From an Australian perspective, the fact that we have poor soils and variable water availability means that we may face some growing challenges as climate change has more effect.
Oil supply and prices figured prominently in the Club of Rome’s deliberations, given the world was preoccupied with oil price hikes at the time (1972-74). Yet despite concerns that we may be approaching ‘peak oil’, after which oil production would decline, there is no indication of that happening yet. Oil prices have fluctuated widely over the years, but increases in the price of oil have led to more fuel efficient cars, and recently, to the growth in electrical vehicles and the exploitation of shale oils. We do not appear to be running out of oil any time soon.
There are, of course, other resources of which we may run short, such as lithium for batteries. However, shortages of resources usually leads to more exploration and finding more reserves, and new technologies can, as in the case of oil, lead to more efficient usage or substitutes.
In short, shortages of resources may not be as critical as the Club of Rome predicted.
This is one area where the Club of Rome may have got it right. They were particularly concerned about whether that rate of investment in capital assets exceeded the rate of depreciation. If so, the economy would continue to grow; if not, it would decline.
Although economies are still growing, the Club of Rome did make one accurate prediction. It predicted financial crises in the earlier part of this century. We have already had one, the Global Financial Crisis (GFC) of 2008-09, and the world’s financial systems since then have looked shaky.
The demands for funds for investment by governments, businesses and individuals appears to be insatiable. But the funds available for lending are limited. To some extent, we have circumvented that problem by extension of credit. But the demands for loans in the lead up to the GFC lead to a hyper-extension of credit: credit based on credit based on credit. The whole thing was like a house of cards where it took only one ‘puff of wind’, namely the Federal Reserve increasing interest rates to counter inflation in 2008 to cause the whole pack to come tumbling down. Governments had to spend billions to prop up their financial sectors. The financial sector is unique among economic sectors because if it goes down, so do all the other sectors.

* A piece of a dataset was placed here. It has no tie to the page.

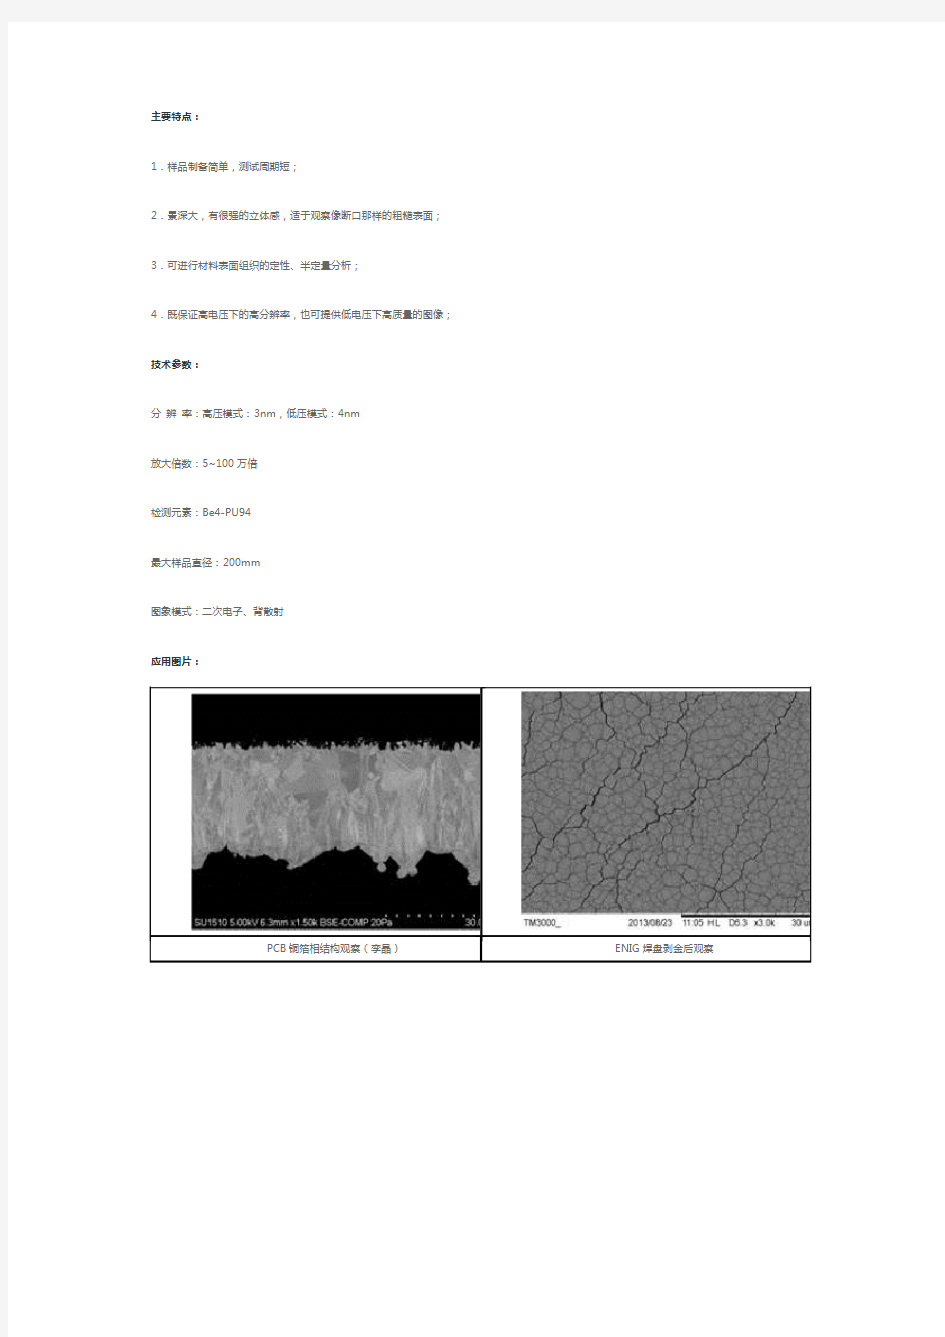 扫描电子显微镜X射线能谱仪(SEMEDS)

Will we face similar crises in future? I suspect so. One thing I learnt from the GFC is that no one, not even the large financial institutions, controls the world’s economic and financial systems: they are too large and two complex for anyone to control them.
Whether subsequent crises result in the sudden collapse of the world’s economy, or whether it deteriorates over a number of years, it will have serious consequences.
The Club of Rome was correct in predicting that pollution levels would rise, although it would probably be surprised by the forms it has taken. At the time, the concern was that the amounts of particulate matter being put into the atmosphere, thereby reflecting sunlight back in to space, and perhaps triggering an ice age – a process known as ‘global dimming’.
In fact, of course, the opposite is happening. The increasing amounts of carbon dioxide and other greenhouse gases actually means that the planet is warming up – a process known as ‘global warming’.
This century will probably be unique in human history in that it may be dominated by one issue: how quickly can we reduce our greenhouse gas emission, how much will the world warm up, and what will the consequences be? This last question is perhaps the most compelling. The unpredictability of climate change may be the biggest threat to face the human race and the world’s economies.